## WORK ORDER
Omit all pictures. Quote the lines from the one with "Hướng dẫn về" through the end of the listing below, exactly as they appear.

## INFORMATION PROVIDED
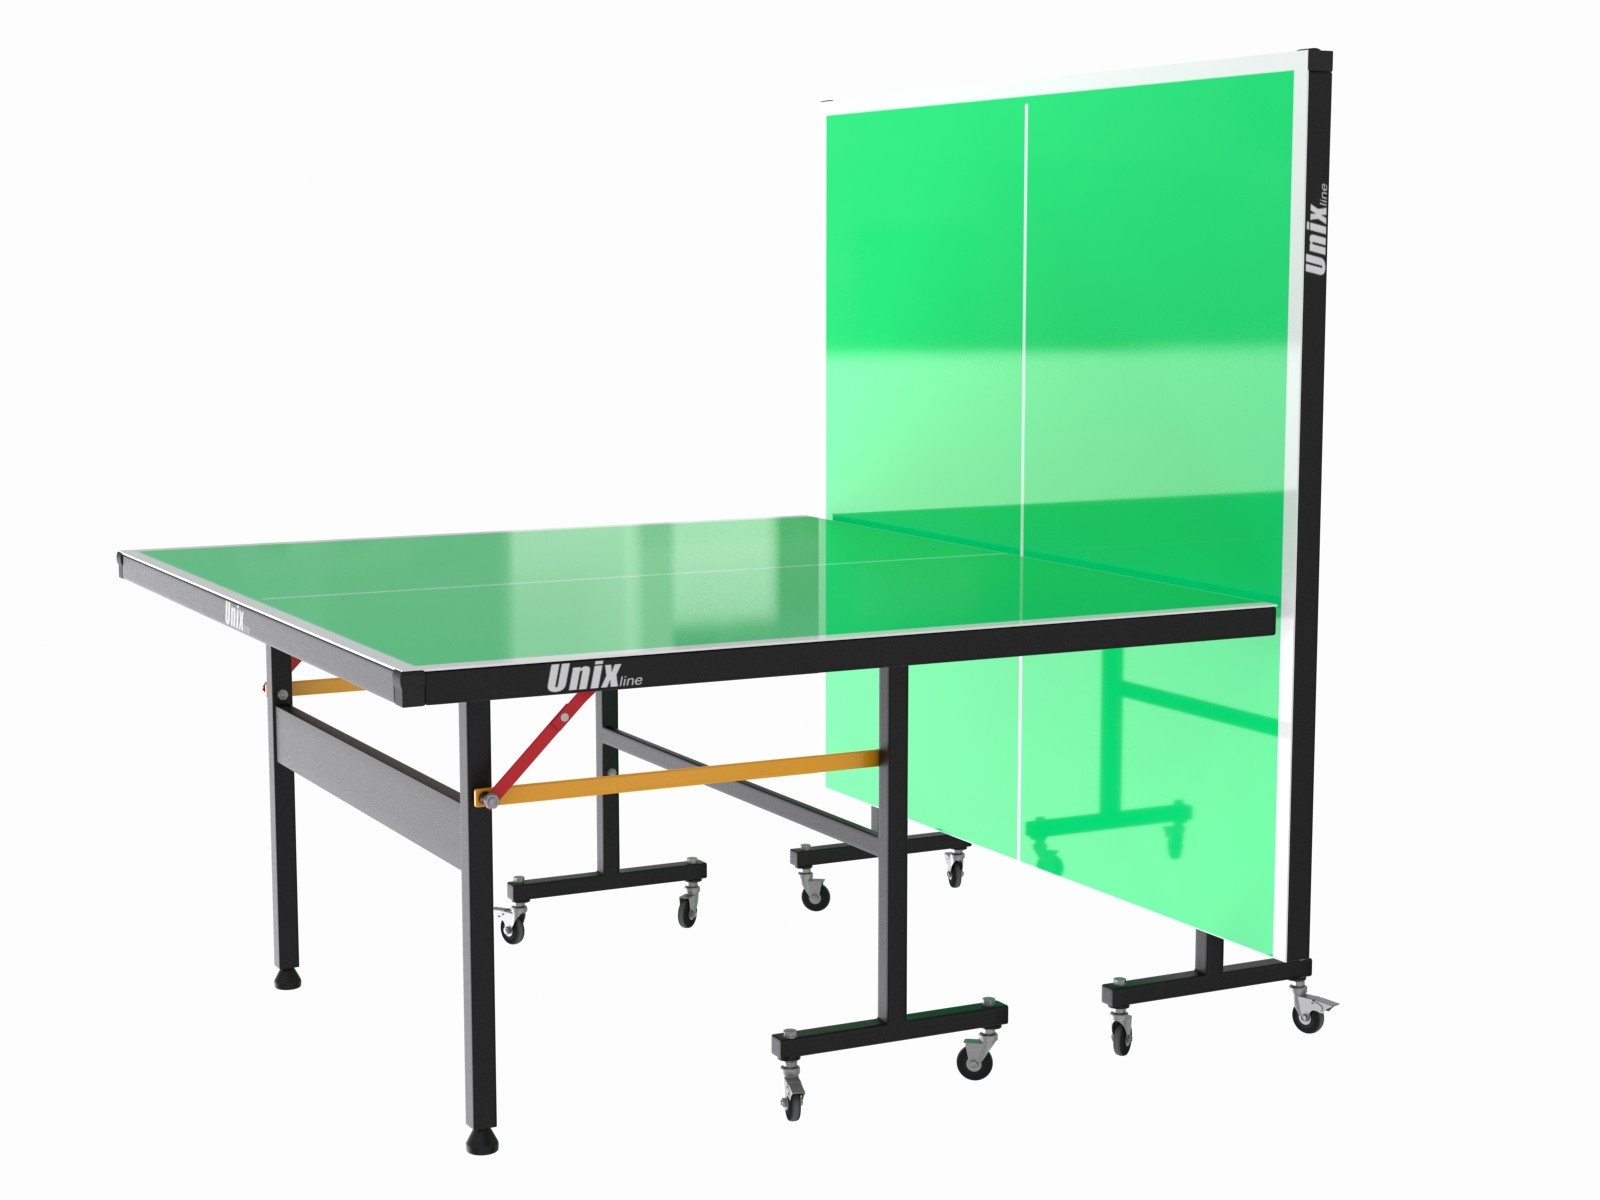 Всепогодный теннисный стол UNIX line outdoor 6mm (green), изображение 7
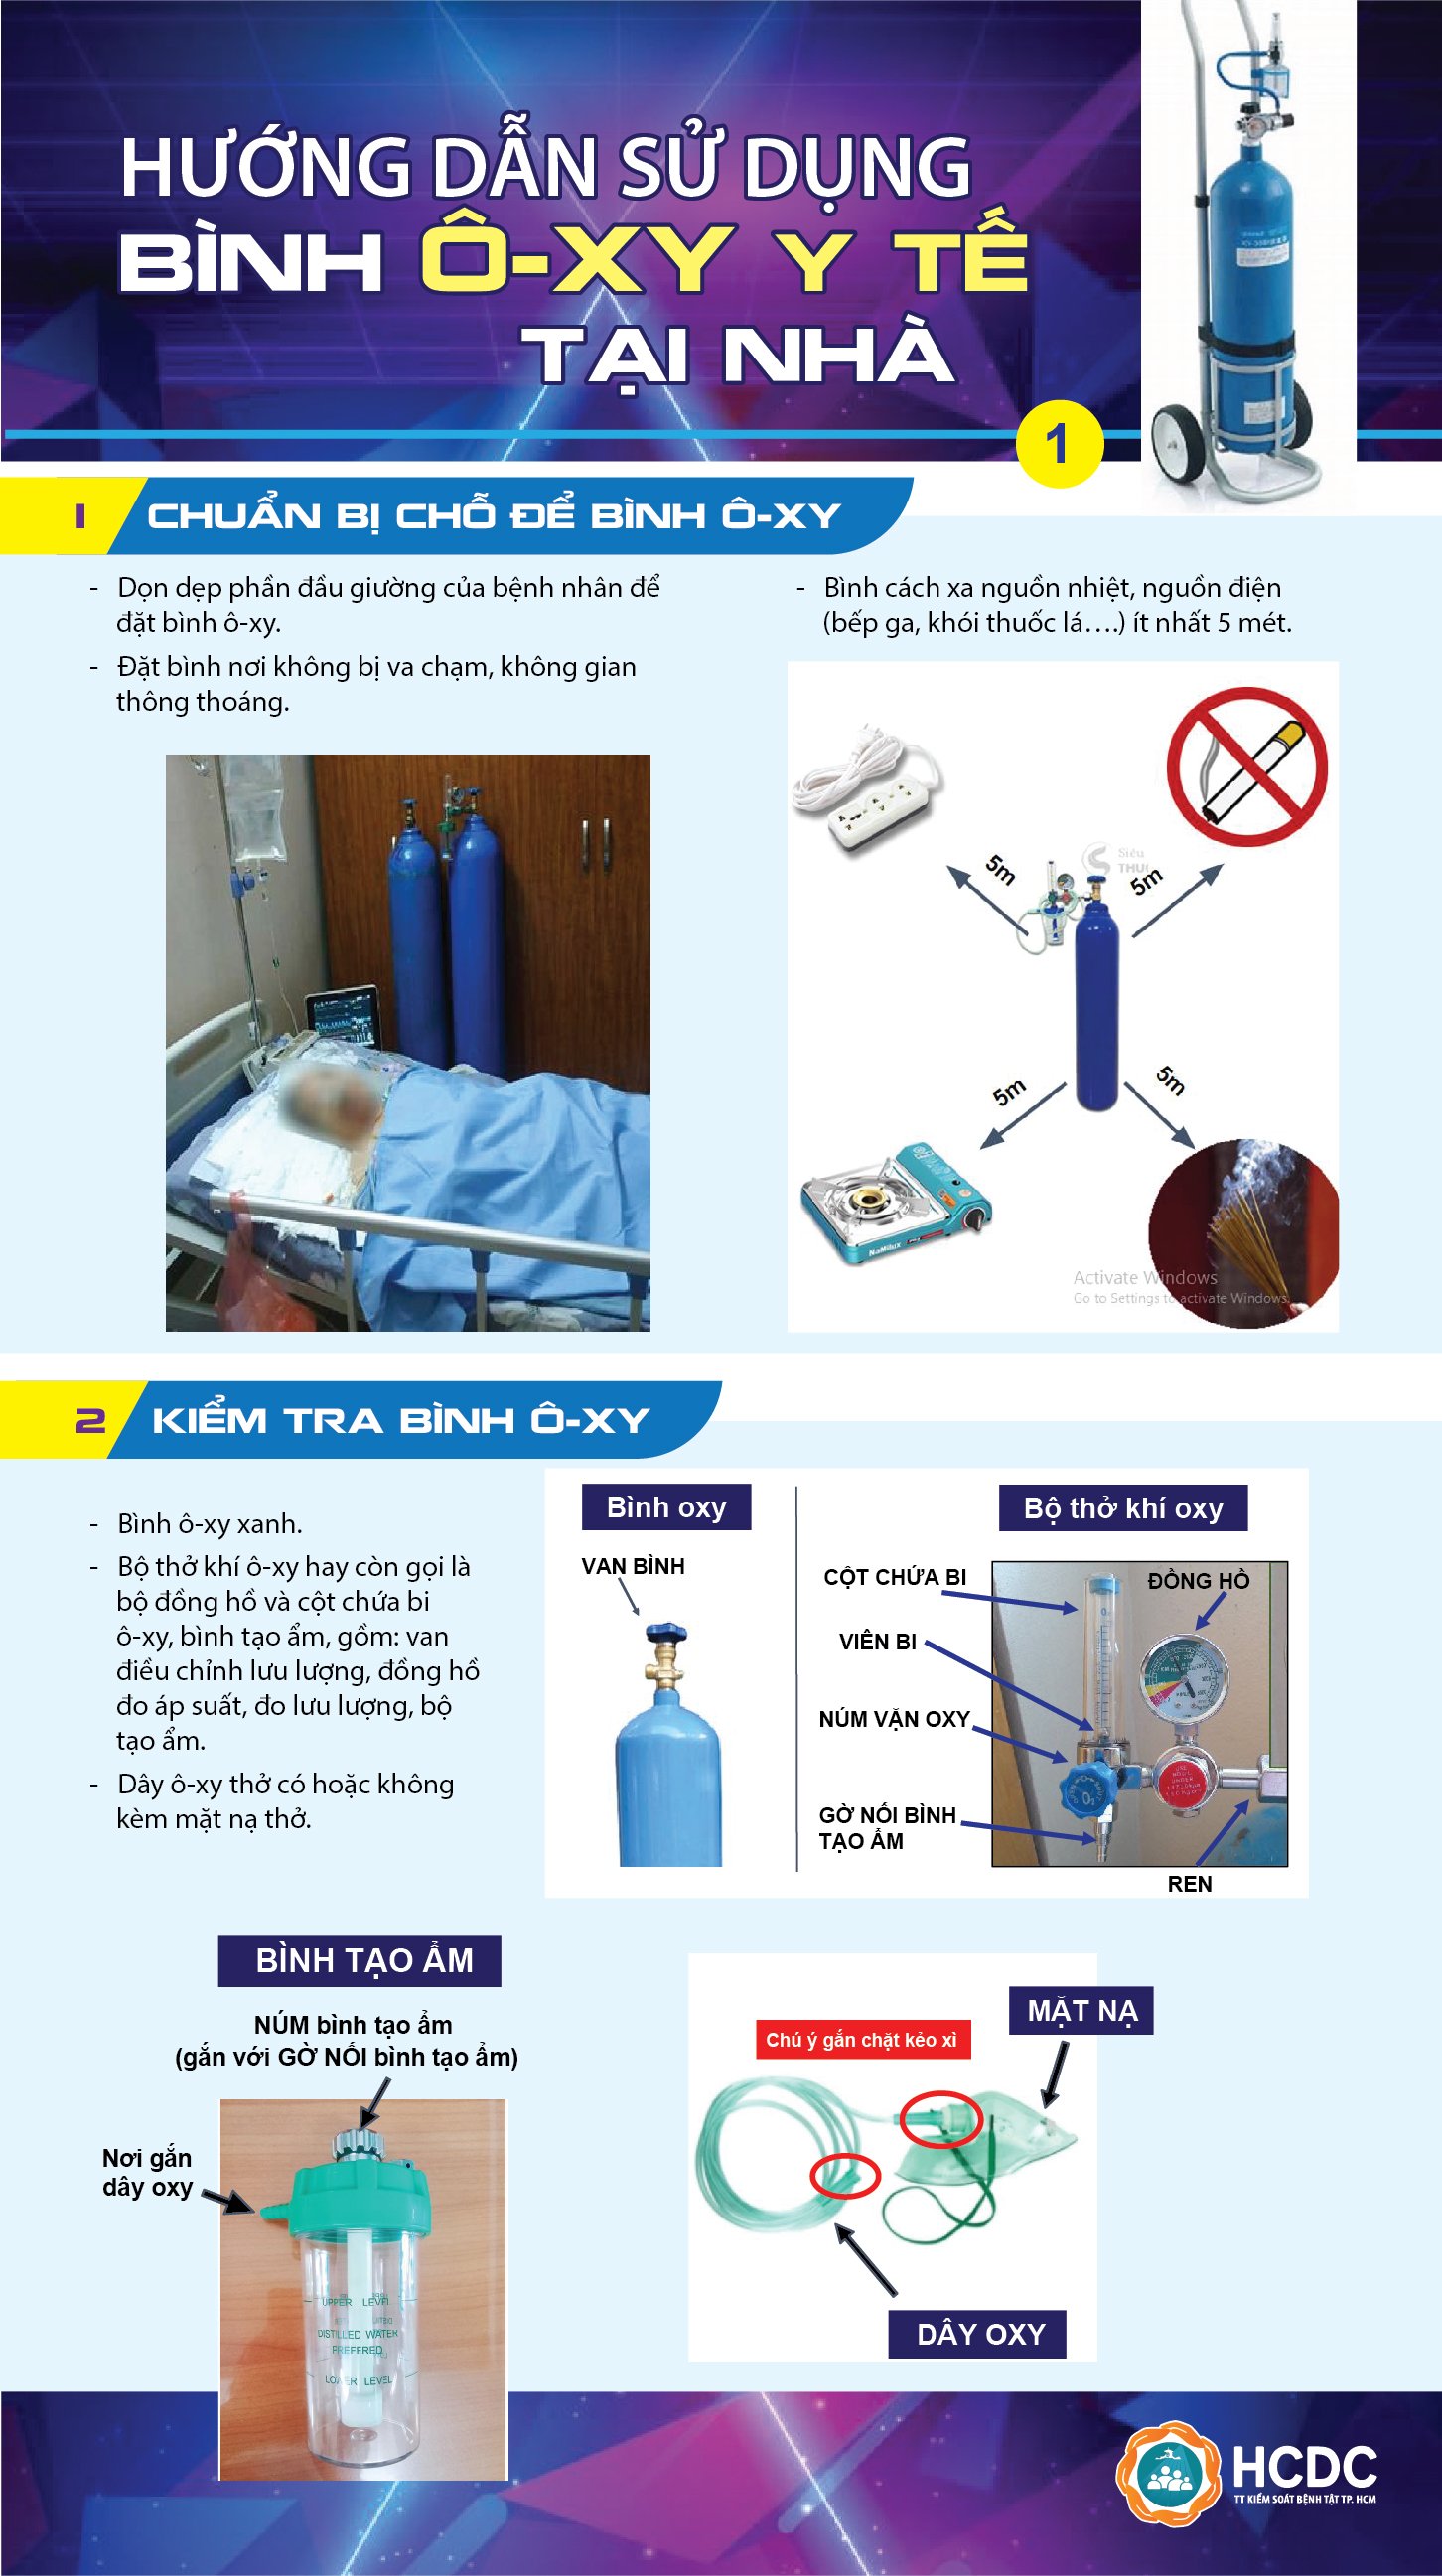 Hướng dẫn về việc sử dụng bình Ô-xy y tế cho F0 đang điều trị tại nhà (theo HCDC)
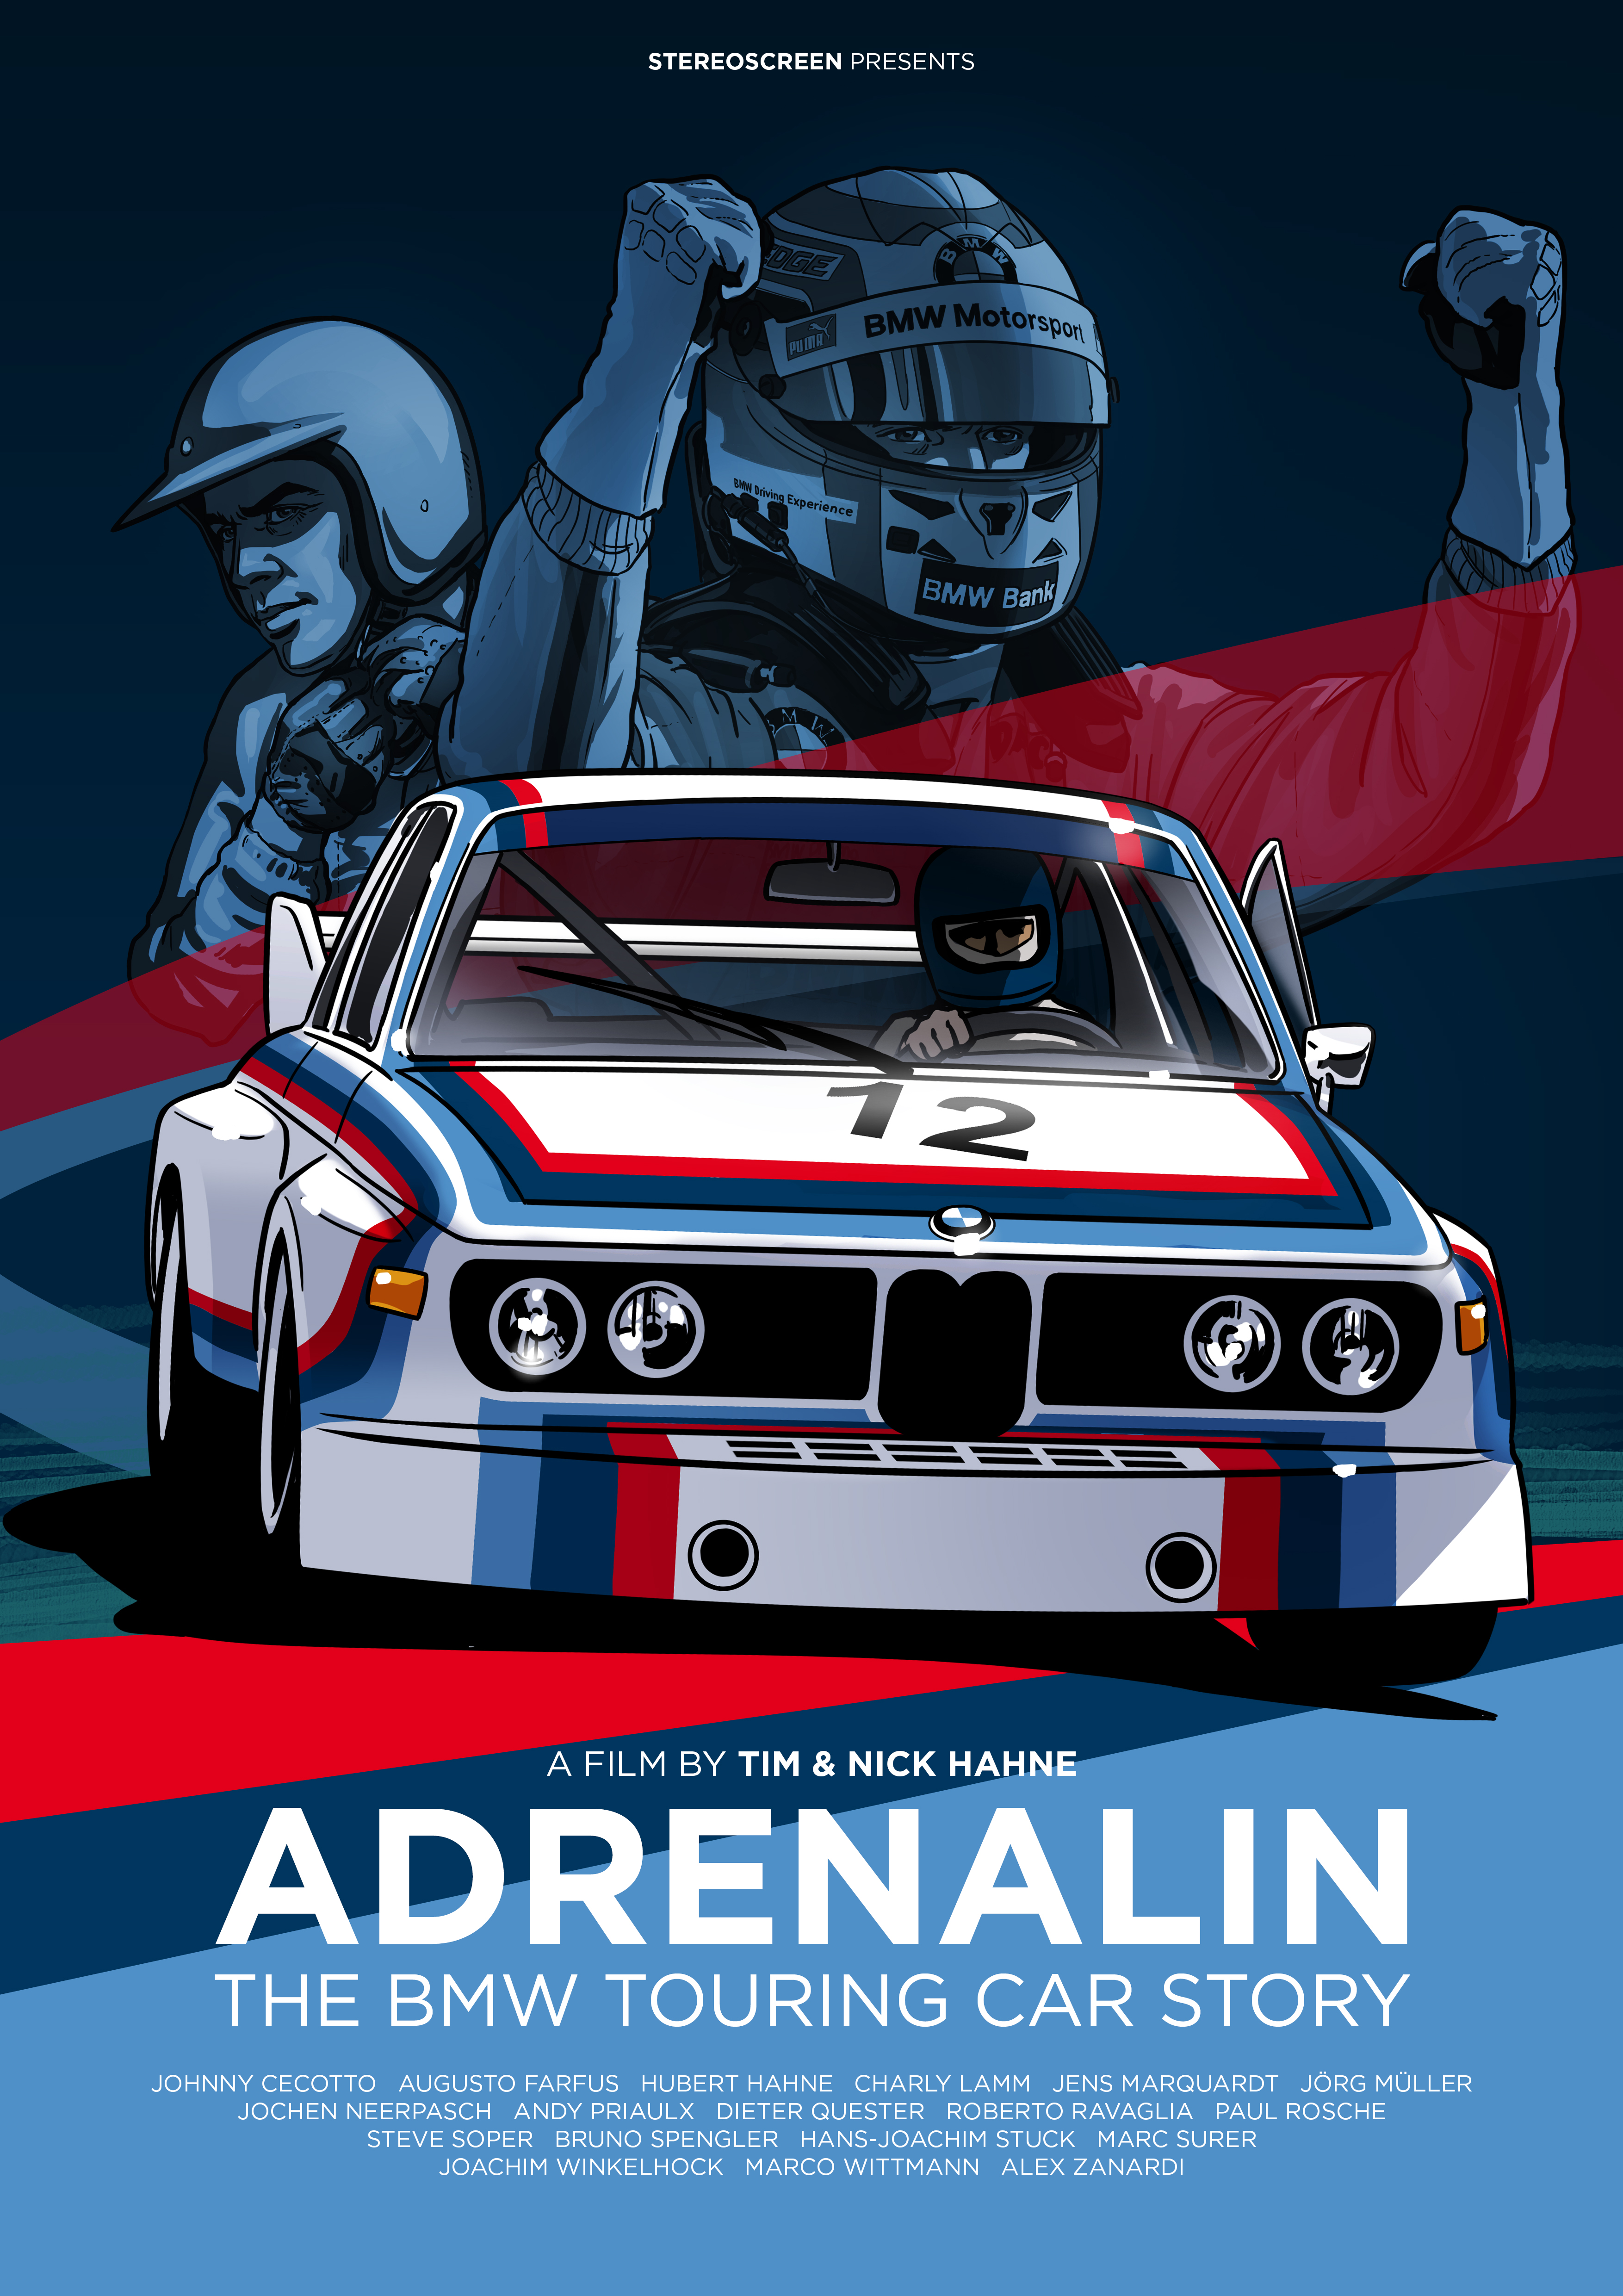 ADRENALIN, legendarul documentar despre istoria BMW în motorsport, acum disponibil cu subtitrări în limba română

## ANSWER
 Hướng dẫn về việc sử dụng bình Ô-xy y tế cho F0 đang điều trị tại nhà (theo HCDC)
 ADRENALIN, legendarul documentar despre istoria BMW în motorsport, acum disponibil cu subtitrări în limba română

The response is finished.